What is MIME type "text/vnd.hocr+html"?

A MIME type is a string that tells browsers and other tools how to handle a particular kind of file.

text/vnd.hocr+html defines files that contain OCR results in an HTML format. It uses the hOCR standard to embed details like text layout and word positioning directly into the HTML code.
This format makes it easy for programs and browsers to display recognized text along with its spatial metadata. Software—often OCR engines such as Tesseract—generates these files when converting images of text into searchable, selectable text.
Files using this MIME type are typically saved with the HTML or HOCR extension.

Associated file extensions

Usage Examples

HTTP Header

When serving content with this MIME type, set the Content-Type header:


    Content-Type: text/vnd.hocr+html    
  

HTML

In HTML, you can specify the MIME type in various elements:


    <a href="file.dat" type="text/vnd.hocr+html">Download file</a>    
  

Server-side (Node.js)

Setting the Content-Type header in Node.js:


    const http = require('http');    
    
    http.createServer((req, res) => {    
      res.setHeader('Content-Type', 'text/vnd.hocr+html');    
      res.end('Content here');    
    }).listen(3000);    
  

Associated file extensions

FAQs

What is the purpose of the text/vnd.hocr+html MIME type?
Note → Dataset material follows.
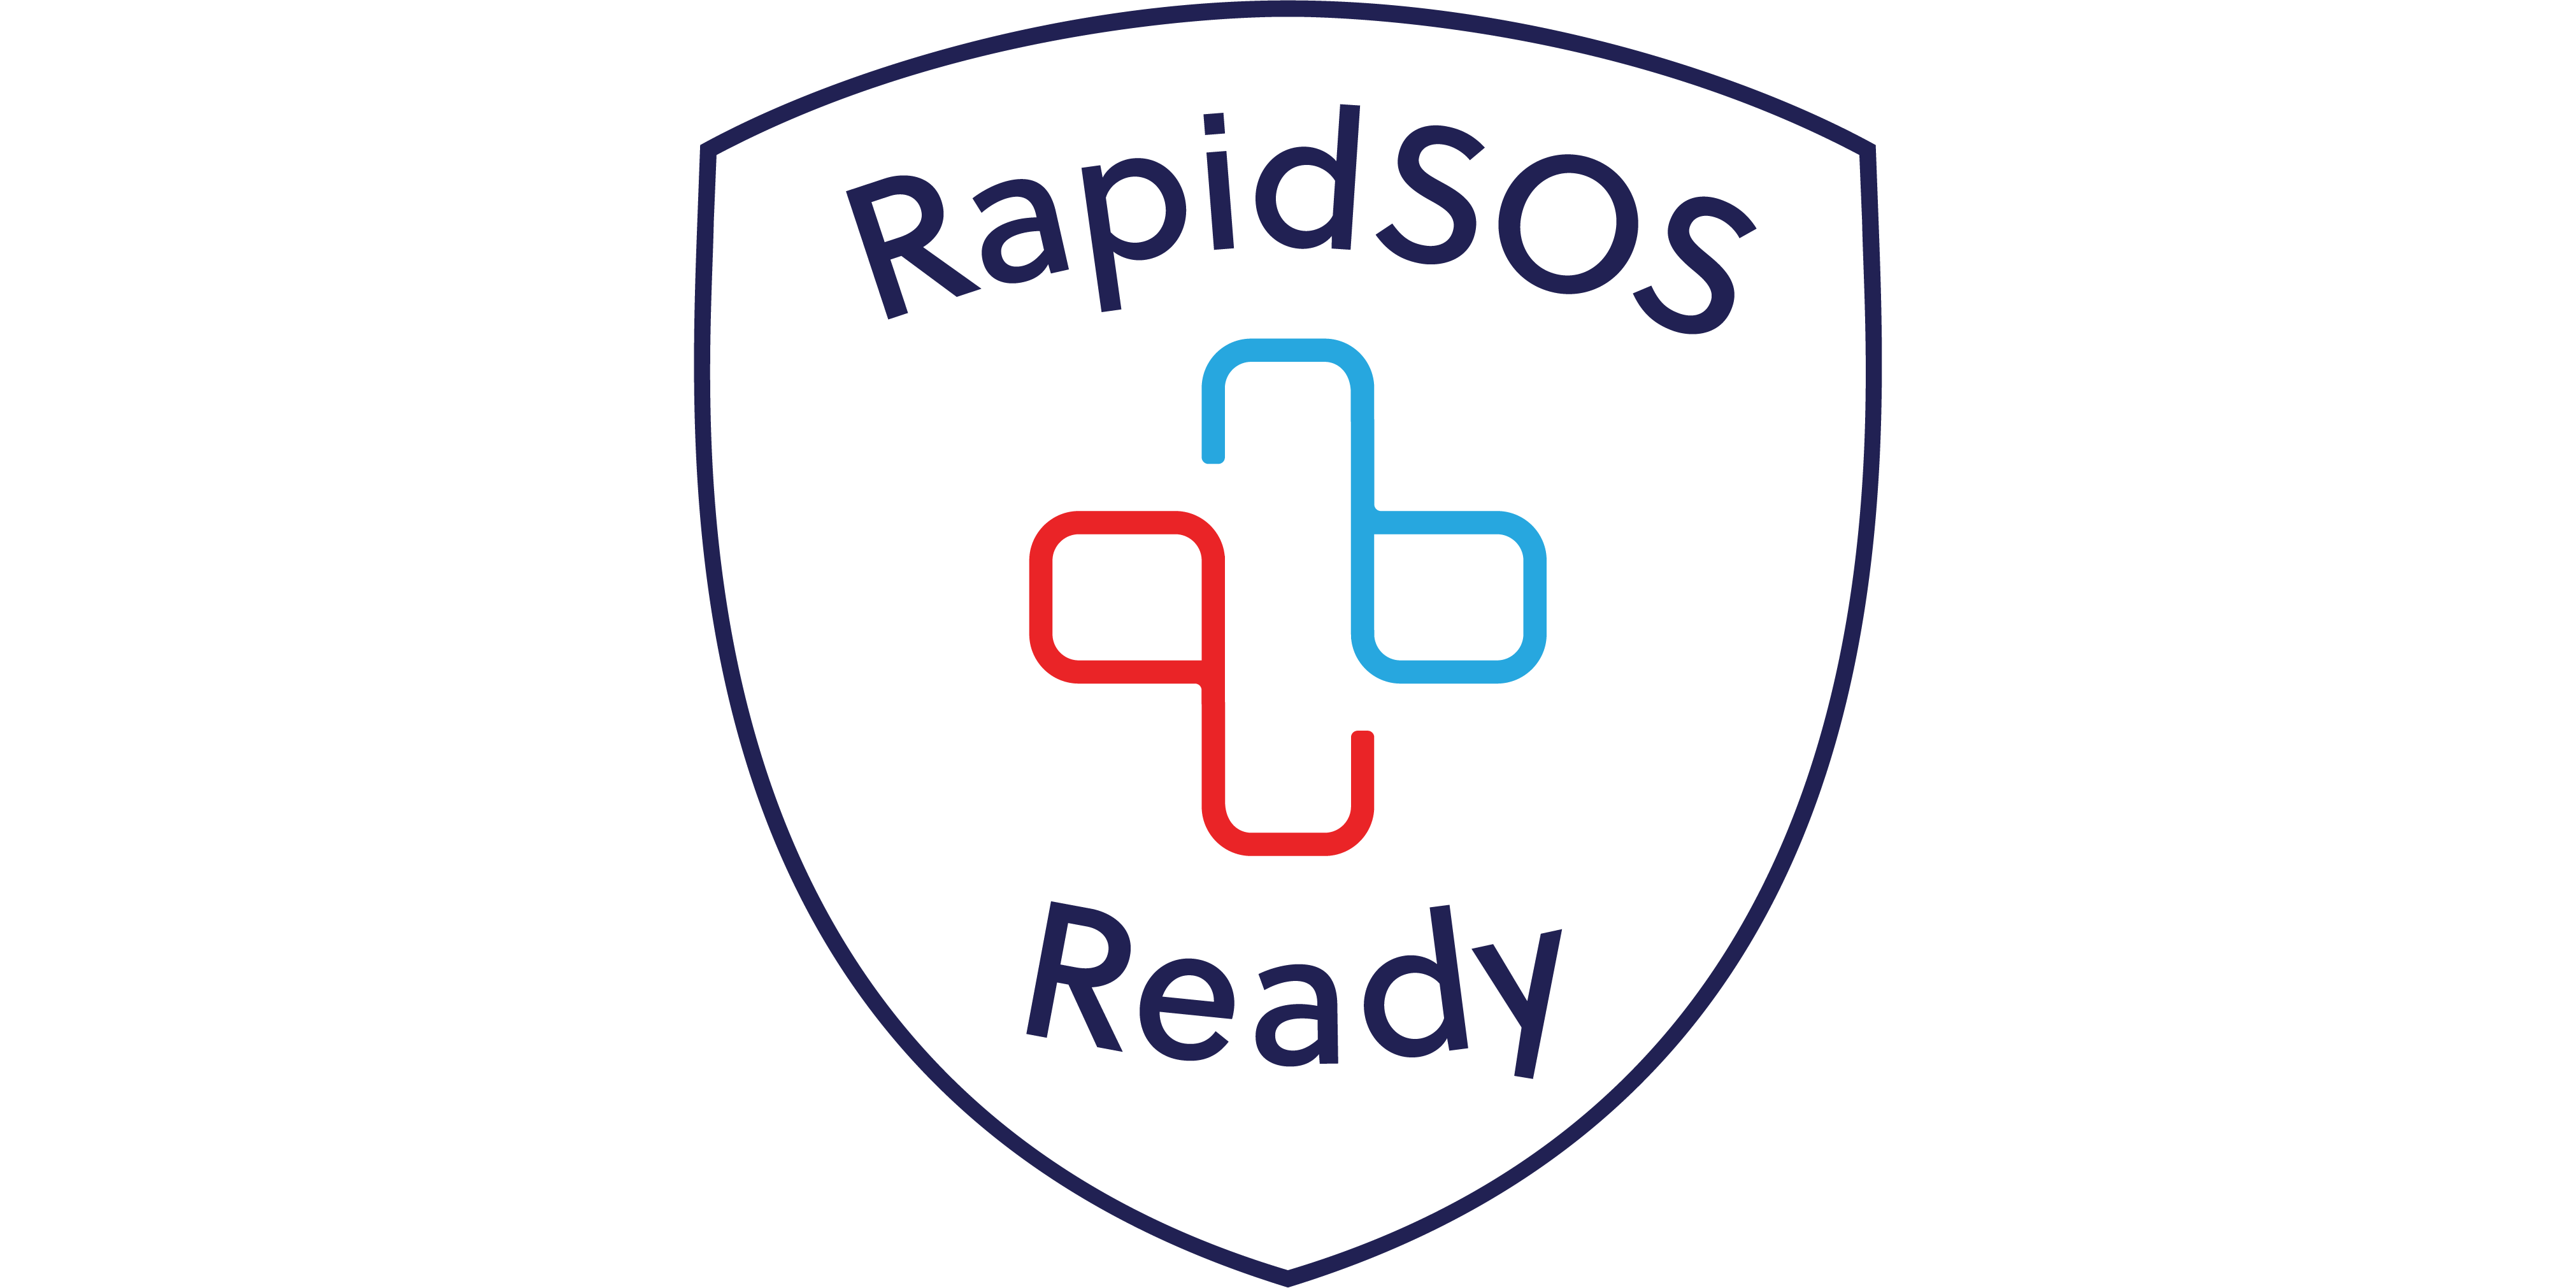 Local Security Partners with RapidSOS to Send Multimedia Incident Data to 911

This MIME type identifies HTML files that follow the hOCR standard, which embeds Optical Character Recognition (OCR) data into valid HTML. It allows software to store text, layout, and confidence information hidden behind or overlaid on scanned images, making them searchable and selectable.

How do I open a text/vnd.hocr+html file?

Because hOCR files are fundamentally valid HTML, you can open them in any standard web browser like Chrome, Firefox, or Edge. The browser treats the file similarly to text/html, rendering the content based on the embedded CSS and text.
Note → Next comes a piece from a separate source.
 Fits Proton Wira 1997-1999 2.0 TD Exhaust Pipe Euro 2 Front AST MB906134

Should I use the .html or .hocr file extension?

If the file is intended for direct viewing in a browser, the .html extension is preferred for immediate compatibility. However, using the .hocr extension helps developers and automated scripts distinguish these files from standard web pages.

How do I configure Apache or Nginx to serve .hocr files correctly?
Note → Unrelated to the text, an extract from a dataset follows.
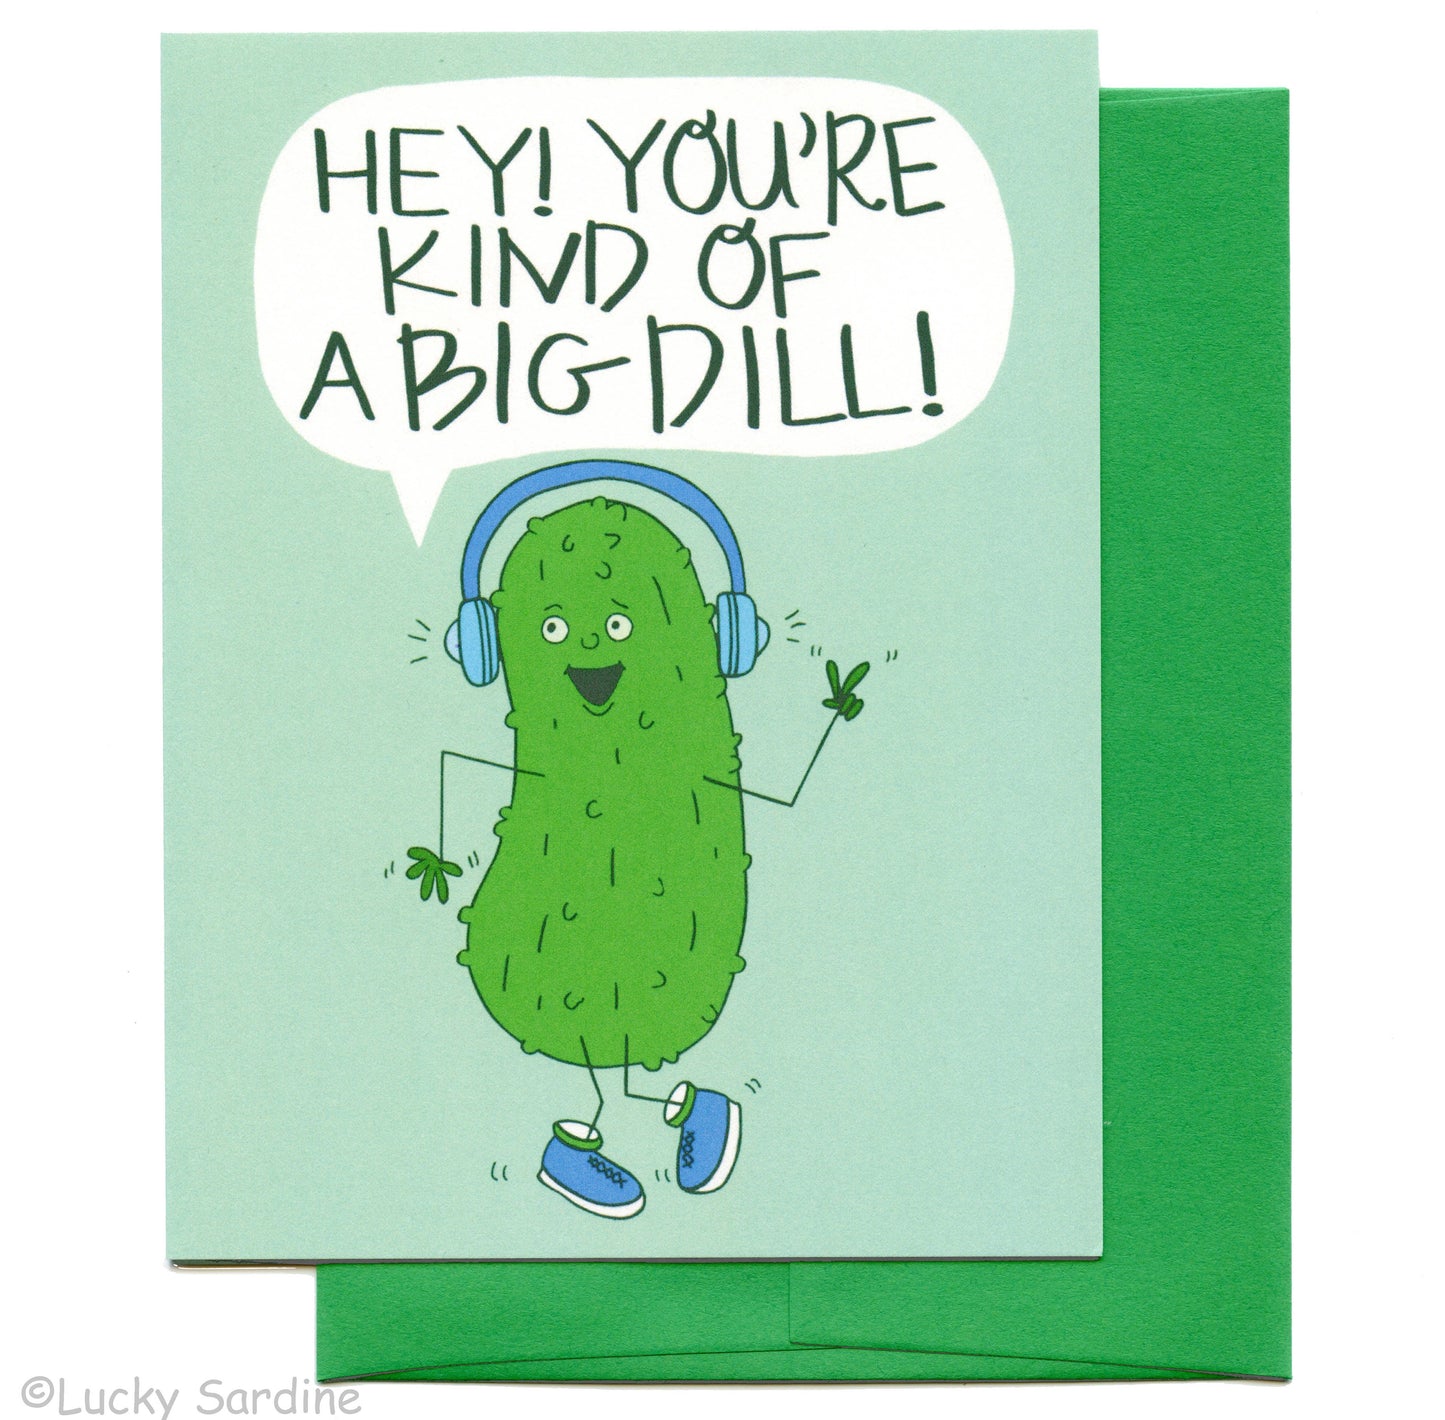 You are Kind Of A Big Dill Greeting Card

Servers often treat unknown extensions as plain text. For Apache, add AddType text/vnd.hocr+html .hocr to your configuration. For Nginx, add text/vnd.hocr+html hocr; inside your types { ... } block to ensure the Content-Type header is sent correctly.

How is this MIME type different from standard text/html?

While both contain HTML markup, text/vnd.hocr+html specifically signals that the document contains hOCR microformats (like class='ocr_line' and title='bbox...'). This distinction is crucial for indexing bots and accessibility tools that need to extract spatial text data.

Can I convert text/vnd.hocr+html to PDF?

Yes, hOCR files are frequently used as an intermediate step to create searchable PDFs. Tools like Tesseract or hocr2pdf take the layout data from the hOCR file and overlay it onto the original image to generate a PDF/A document.

Are there security concerns with hOCR files?

Yes, because hOCR files are HTML, they can contain executable JavaScript. If your application accepts hOCR uploads from users, you must sanitize the files to prevent Cross-Site Scripting (XSS) attacks before rendering them in a browser.

General FAQ

What is a MIME type?

A MIME (Multipurpose Internet Mail Extensions) type is a standard that indicates the nature and format of a document, file, or assortment of bytes. MIME types are defined and standardized in IETF's RFC 6838.

MIME types are important because they help browsers and servers understand how to process a file. When a browser receives a file from a server, it uses the MIME type to determine how to display or handle the content, whether it's an image to display, a PDF to open in a viewer, or a video to play.

MIME types consist of a type and a subtype, separated by a slash (e.g., text/html, image/jpeg, application/pdf). Some MIME types also include optional parameters.

How do I find the MIME type for a file?

You can check the file extension or use a file identification tool such as file --mime-type on the command line. Many programming languages also provide libraries to detect MIME types.

Why are multiple MIME types listed for one extension?

Different applications and historical conventions may use alternative MIME identifiers for the same kind of file. Showing them all helps ensure compatibility across systems.